Curious that we already have these helpers, nobody seems to call
them in the current codebase, and we haven't seen the "these are
unused" linter message on the list for a while ;-).
Jeff King Jan. 17, 2019, 9:24 p.m. UTC | #3
On Thu, Jan 17, 2019 at 12:13:12PM -0800, Junio C Hamano wrote:

> > @@ -966,7 +968,9 @@ int verify_path(const char *path, unsigned mode)
> >  				if (is_hfs_dotgit(path))
> >  					return 0;
> >  				if (S_ISLNK(mode)) {
> > -					if (is_hfs_dotgitmodules(path))
> > +					if (is_hfs_dotgitmodules(path) ||
> > +					    is_hfs_dotgitignore(path) ||
> > +					    is_hfs_dotgitattributes(path))
> >  						return 0;
> >  				}
> >  			}
> > @@ -974,7 +978,9 @@ int verify_path(const char *path, unsigned mode)
> >  				if (is_ntfs_dotgit(path))
> >  					return 0;
> >  				if (S_ISLNK(mode)) {
> > -					if (is_ntfs_dotgitmodules(path))
> > +					if (is_ntfs_dotgitmodules(path) ||
> > +					    is_ntfs_dotgitignore(path) ||
> > +					    is_ntfs_dotgitattributes(path))
> >  						return 0;
> 
> Curious that we already have these helpers, nobody seems to call
> them in the current codebase, and we haven't seen the "these are
> unused" linter message on the list for a while ;-).

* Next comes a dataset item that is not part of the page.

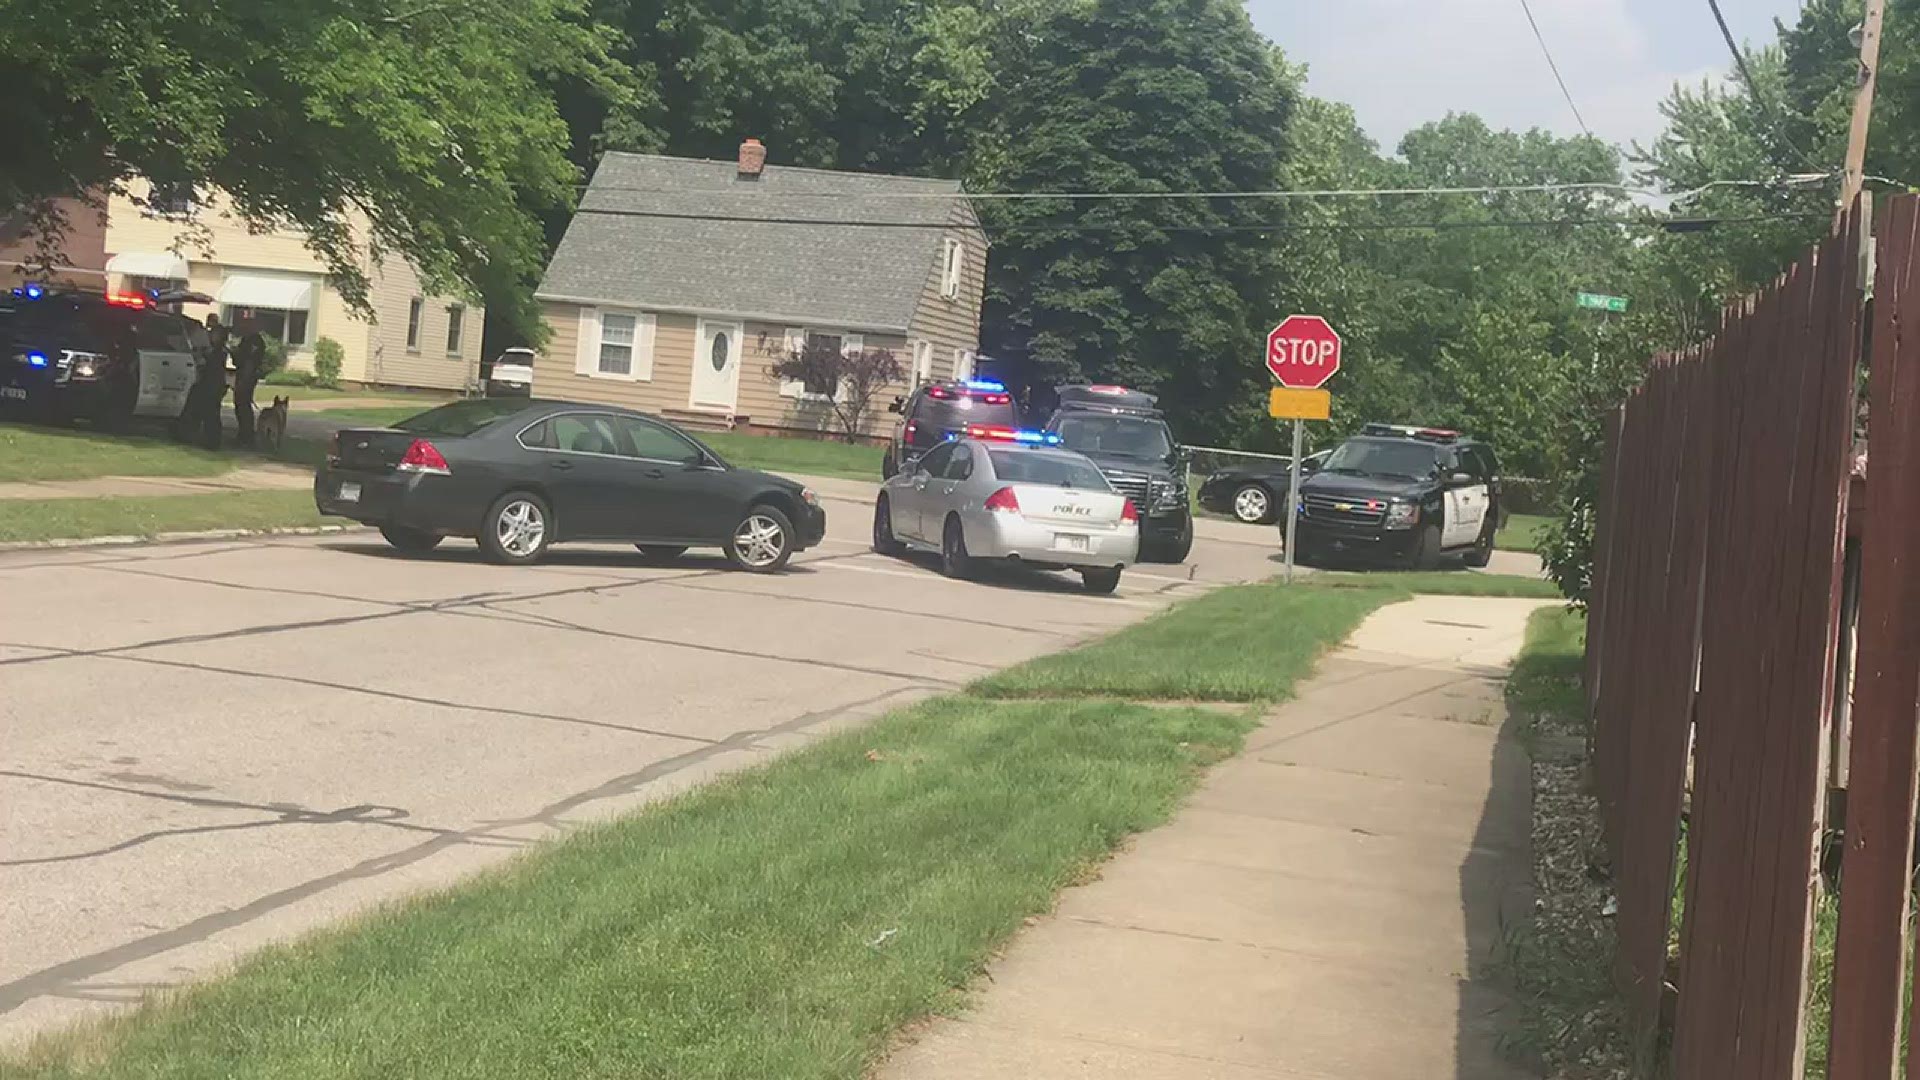 Parma police officers on scene at a stand-off outside of a home in the city. According to officials, the incident took place near Lucerne Avenue and S. Park Blvd.
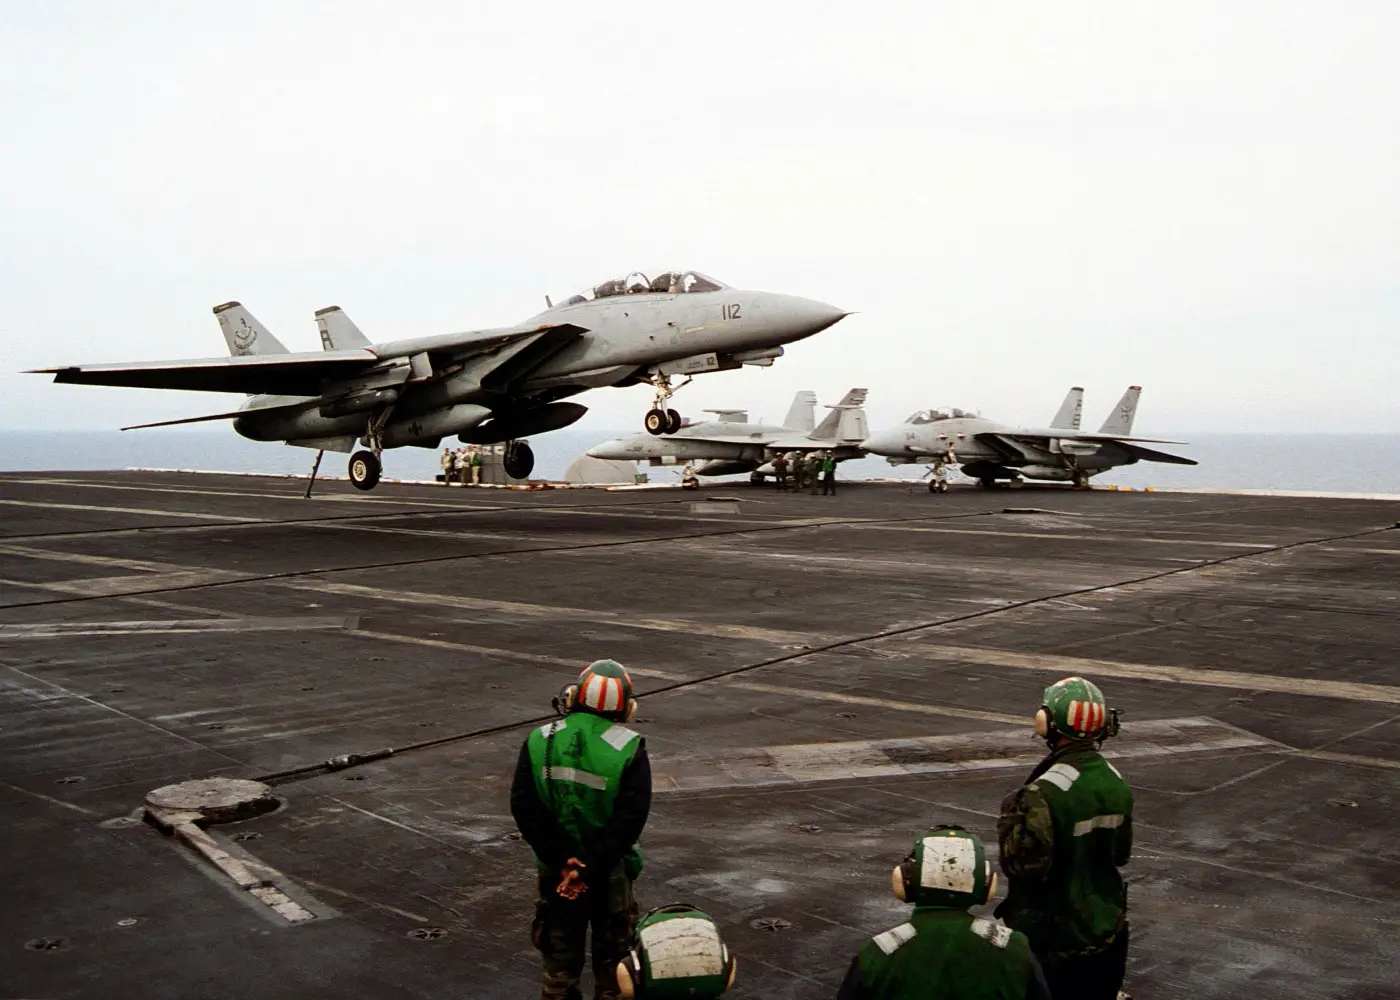 The high F-14 top speed is essential to its operation and winning the fights.

Heh. Yeah, I was surprised by that, too. They were added by e7cb0b4455
(is_ntfs_dotgit: match other .git files, 2018-05-11). The original
version of my series had the hunks quoted above, and then we backed off
on handling them as part of the emergency fix, but I never re-rolled the
preparatory patch to get rid of them.

I think they got overlooked because they're not file-local statics, and
it's much harder to say "this is never called by any function in another
translation unit". You probably have to do analysis on the complete
binaries using "nm" or similar. I think maybe Ramsay does that from time
to time, but I don't offhand know the correct incantation.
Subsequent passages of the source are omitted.